I can see why they made Under The Dome into a TV series (2013-2015); it’s got that strong small-town big-cast vibe that would be perfect for fans of Lost, or any other broad-woven light-sci-fi stories. The characters were quite well fleshed-out, which was surprising given how many of them there are (and how many die). The sheer number of them, in the book version at least, allows King to tantalise the reader and reveal information really slowly, BUT the constant changes in perspective make the story FEEL pacy and compelling regardless.

It was actually really refreshing to read a contemporary epic – not a multi-generational saga set across a century, but an event playing out over just days (a fortnight, tops) with close and intimate attention paid to every detail. Yes, it makes for a hella-long book, but it’s probably as short as King could have possibly made it without sacrificing the multiplicity of perspectives, and without those, the story would have needed a lot of long, boring monologue-y exposition from one or two key characters. No, thank you, please! Not for a story as complex as this one! I’d be happy to call Under The Dome a long book worth your time, and I must concede my friend was right in drunkenly insisting I read it (apologies, again, for taking so long to finally make good on my word – I’ll do better next time, I swear!).

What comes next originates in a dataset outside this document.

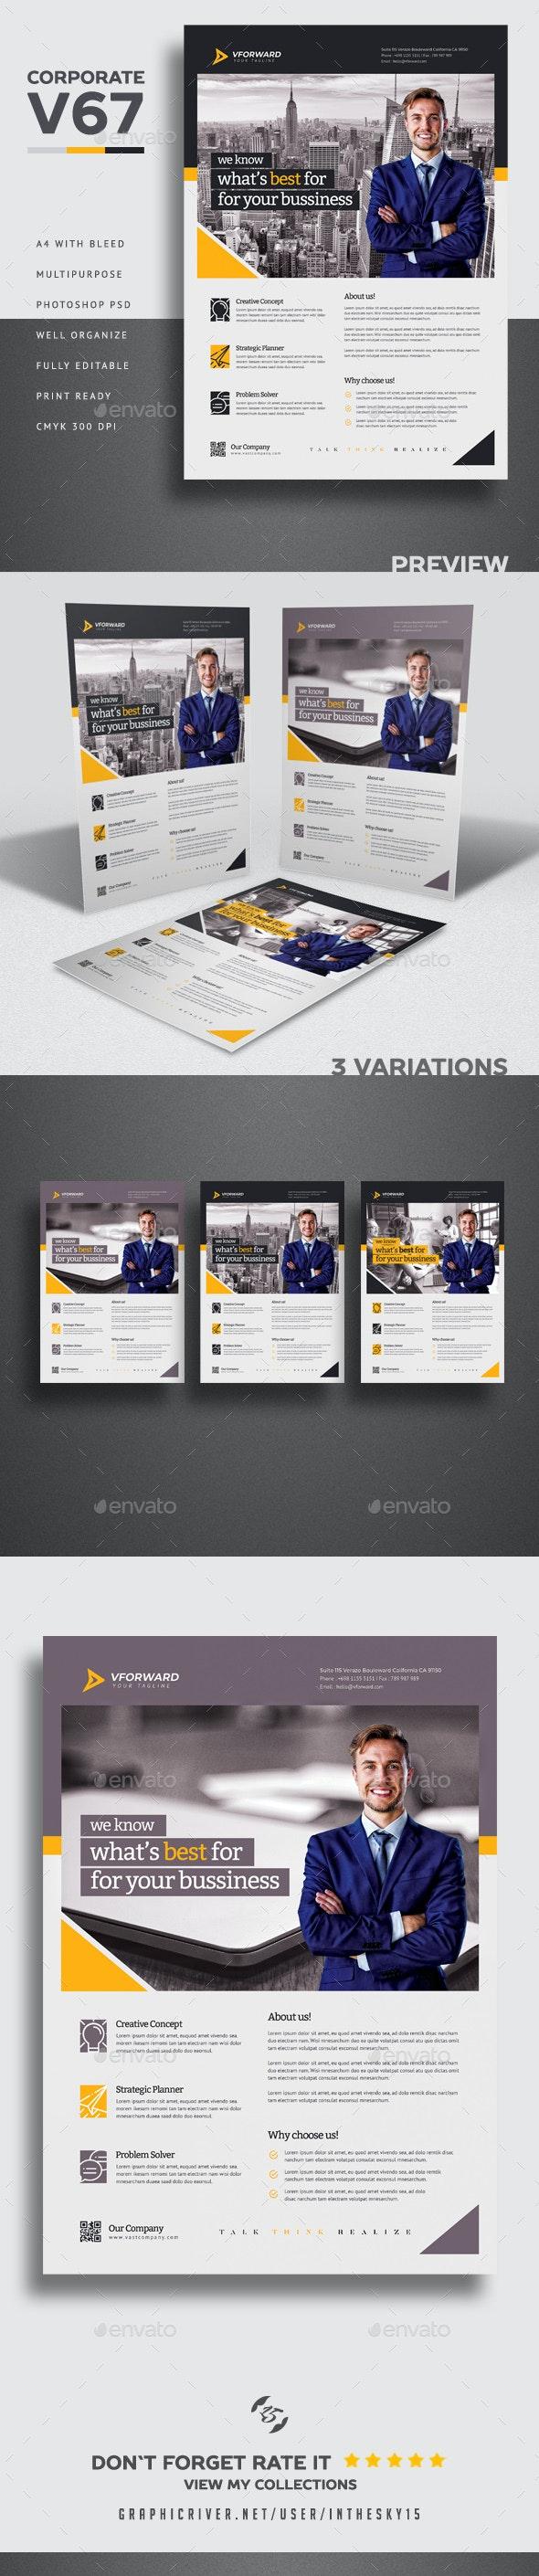 Corporate V67 Flyer - Corporate Brochures

My favourite Amazon reviews of Under The Dome:

  • “Never finished, conned a friend into taking it off my hands.” – Michael A. Swaney
  • “The story is entertaining though much of this book and the voice performance is really great (baaaarbie), but Stephen Kings loony left bias just pops it’s ugly head up way too often. It’s distracting and takes a lot away from the story. Really. Every white male christian is an evil crack addicted psychopath Nazi rapist and every journalist is like a cherub from heaven? Come on dude. I know this is fiction, but these old cliches are not only unbelievable they are boooooooring. If I knew it would have been like this I would not have purchased this audio book.” – Dorian
  • “I know this is blasphemy but I was disappointed with this effort of Stephen King. The baddies are bad. The goodies are good. Smut and flying body parts couldn’t hid a boring read. Sorry, there it is.” – Bod Parr
  • “Good until the ending as usual. 2 1/2 stars.” – L. M.